The coronavirus disease (COVID-19), which has been declared as a pandemic by the World Health Organization (WHO), is an infectious disease killing more than 660,000 people worldwide. During this challenge, Deep learning, a subset of artificial intelligence, could be used as an effective tool for assisting radiologists in detecting COVID-19 cases, as well as reducing the burden on healthcare systems. Correct detection of COVID-19 cases using X-ray images could help quarantine high-risk patients until a thorough examination is followed. In this study, we aim to compare four state-of-the-art deep learning models (VGG-16, VGG-19, EfficientNetB0, and ResNet50) using 464 chest X-ray images of COVID-19 and normal cases. A classification head is added to all these models in order to achieve the best performance. The VGG-19 model achieved the best performance in terms of AUROC among all the tested models with a value of 0.91. Also, the heatmaps of X-ray images are provided, which could be used to specify the disease's area within the lung.

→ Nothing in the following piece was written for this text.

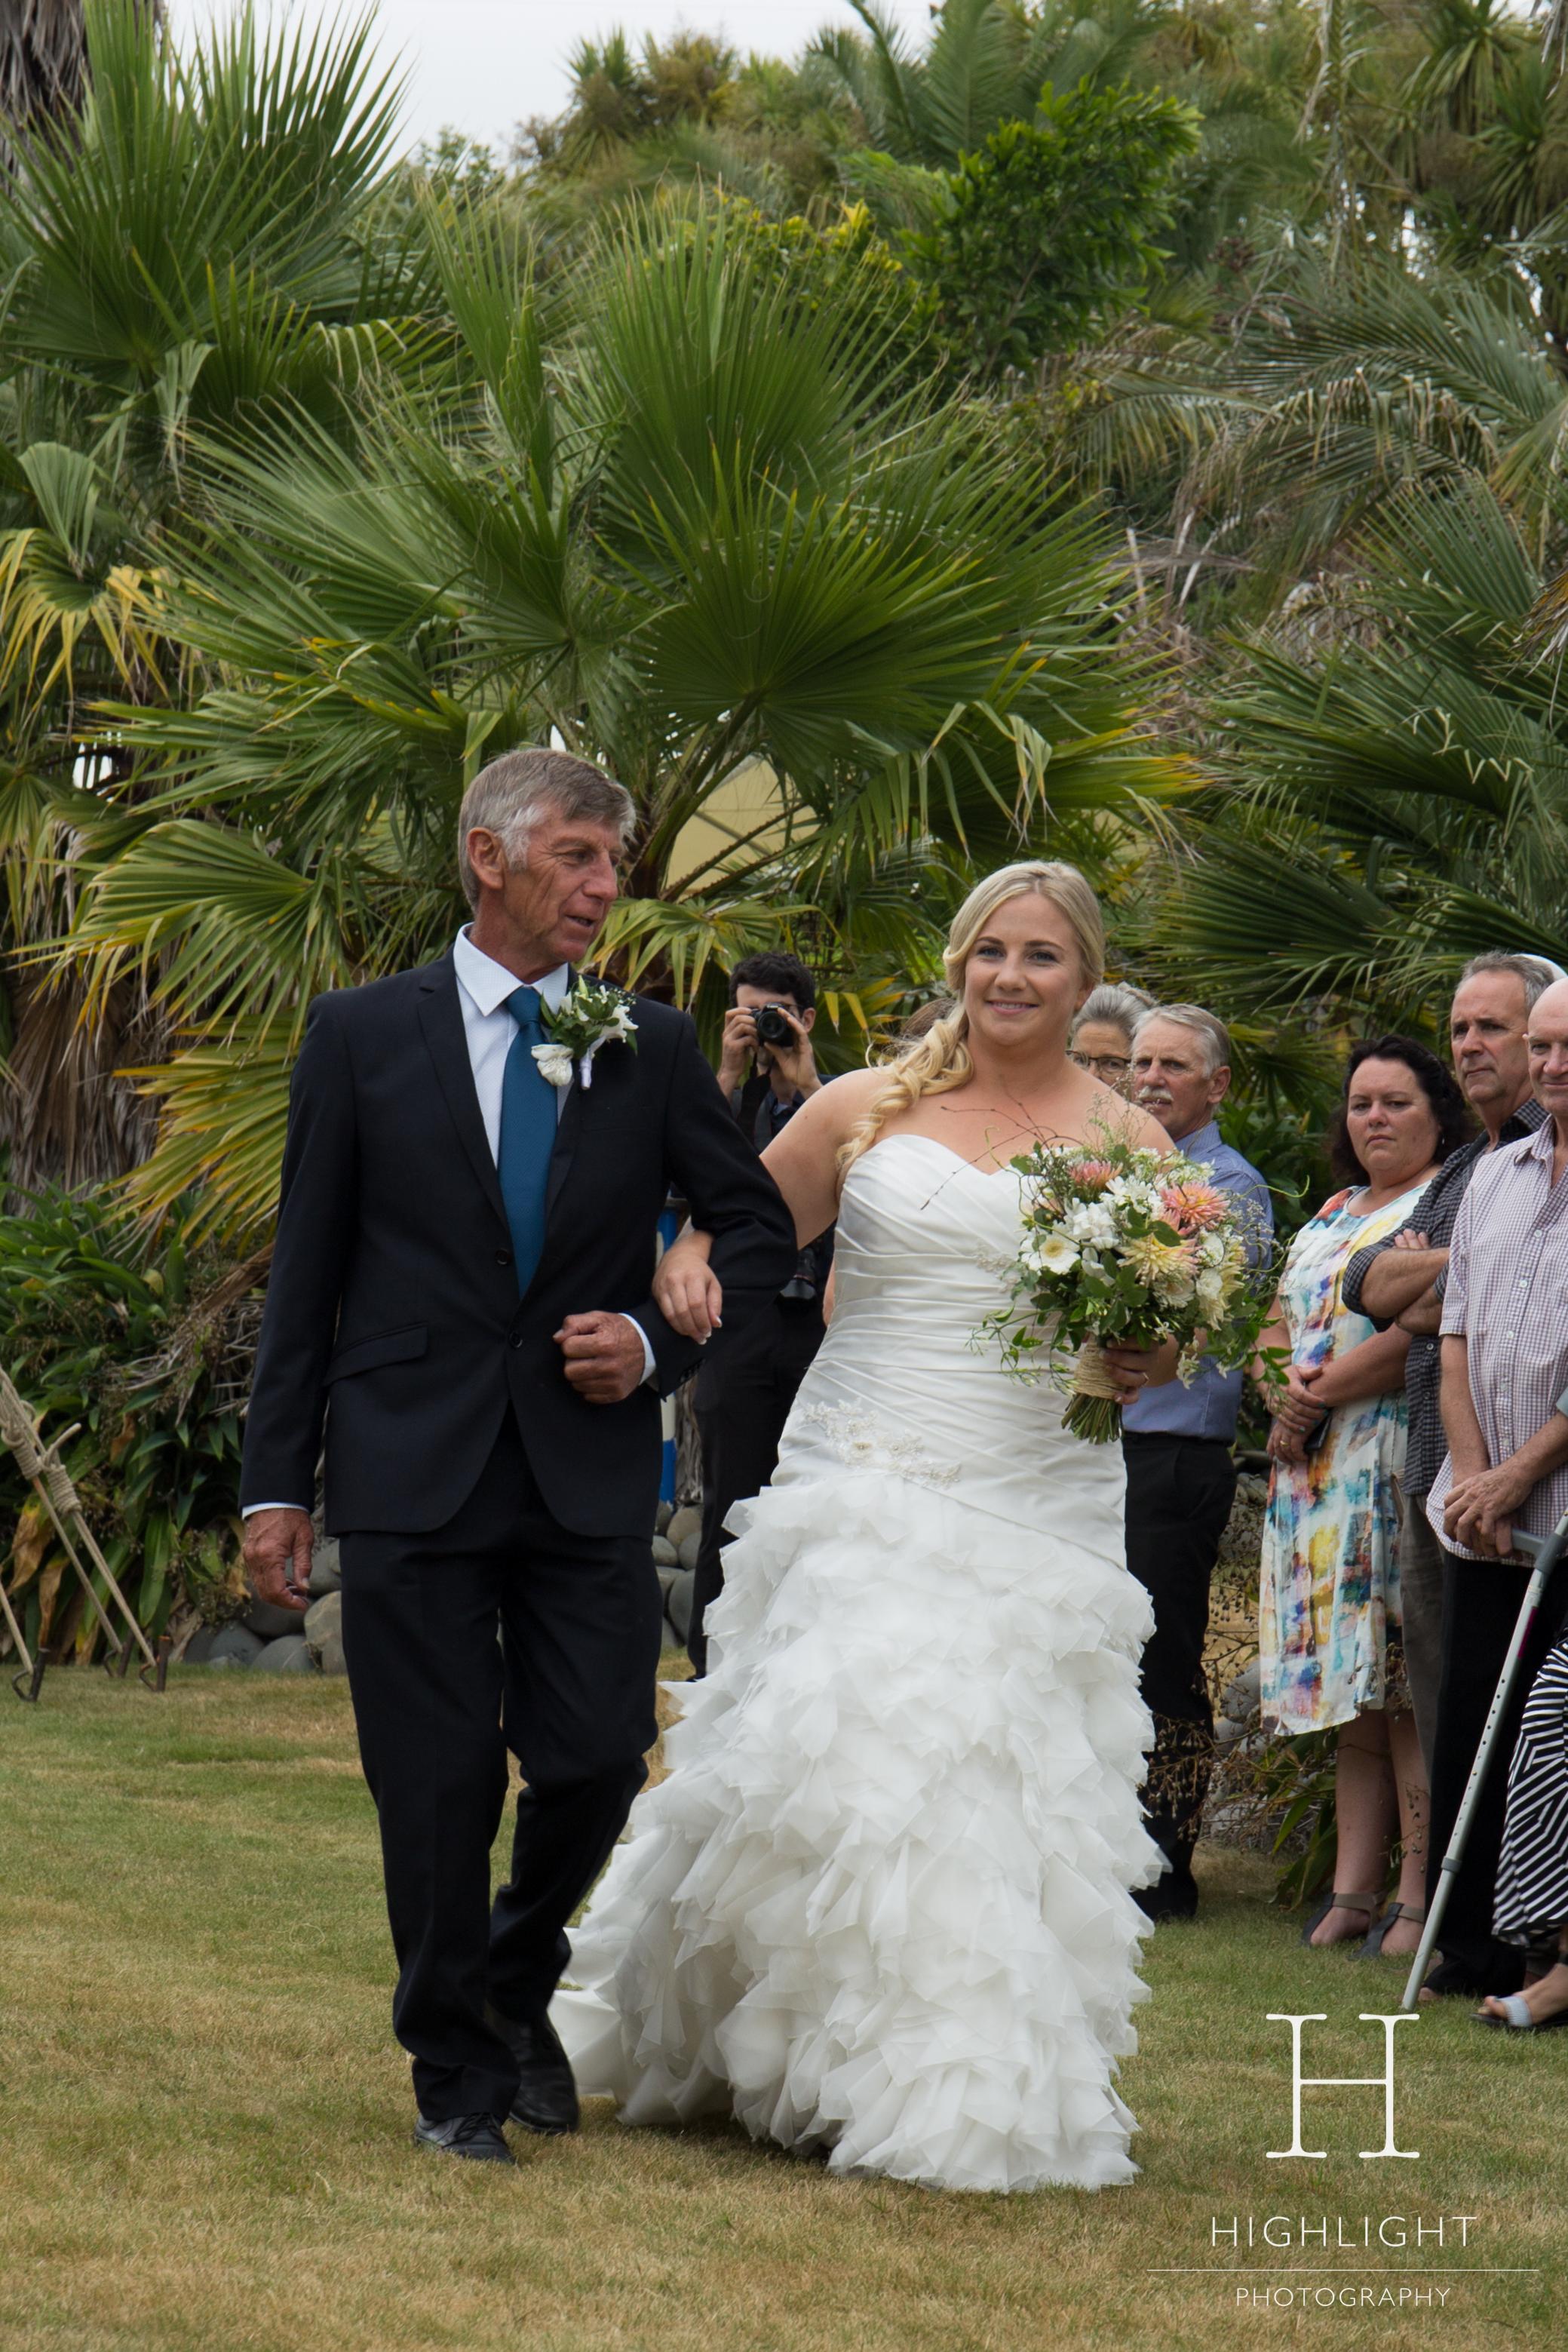 highlight_photography_wedding_new_zealand_flowergirl.jpg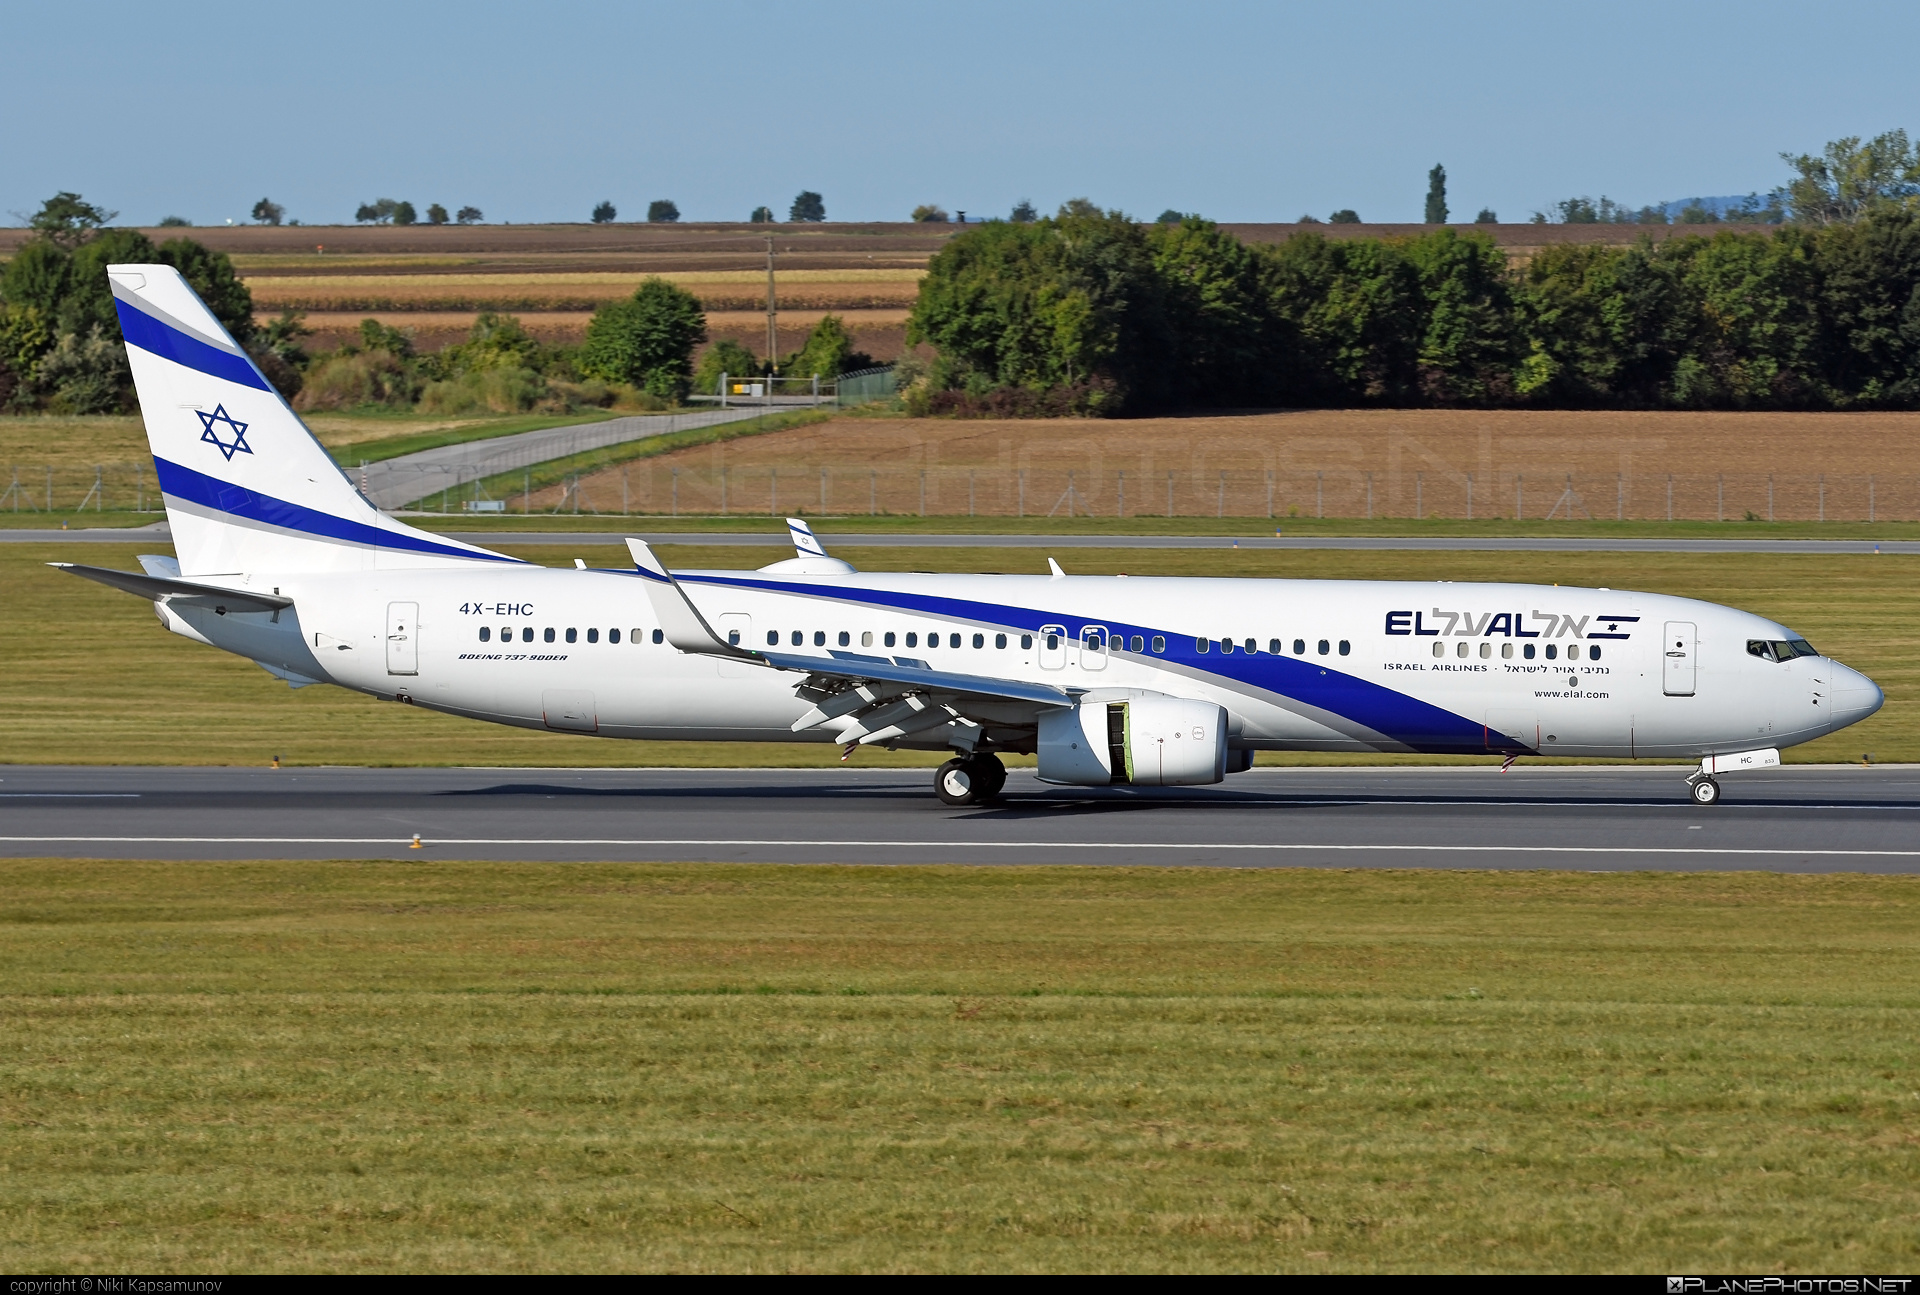 Boeing 737-900ER - 4X-EHC operated by El Al Israel Airlines #b737 #b737er #b737nextgen #b737ng #boeing #boeing737 #elal #elalisraelairlines #israelairlines

胸片检测COVID-19:四种端到端训练深度学习模型的比较
被世界卫生组织(WHO)宣布为“大流行”的新型冠状病毒感染症(COVID-19)是在全世界造成66万多人死亡的传染病。在这一挑战中,人工智能的一个子集——深度学习可以作为一种有效的工具,帮助放射科医生检测COVID-19病例,并减轻医疗系统的负担。使用x射线图像正确检测COVID-19病例可以帮助隔离高危患者,直到进行彻底检查。在这项研究中,我们的目标是比较四种最先进的深度学习模型(VGG-16、VGG-19、EfficientNetB0和ResNet50),使用464张COVID-19和正常病例的胸部x线图像。为了达到最佳性能,所有这些模型都添加了一个分类头。在所有被测模型中,VGG-19模型在AUROC方面的表现最好,其值为0.91。此外,还提供了x射线图像的热图,可用于指定肺内疾病的区域。
本文章由计算机程序翻译,如有差异,请以英文原文为准。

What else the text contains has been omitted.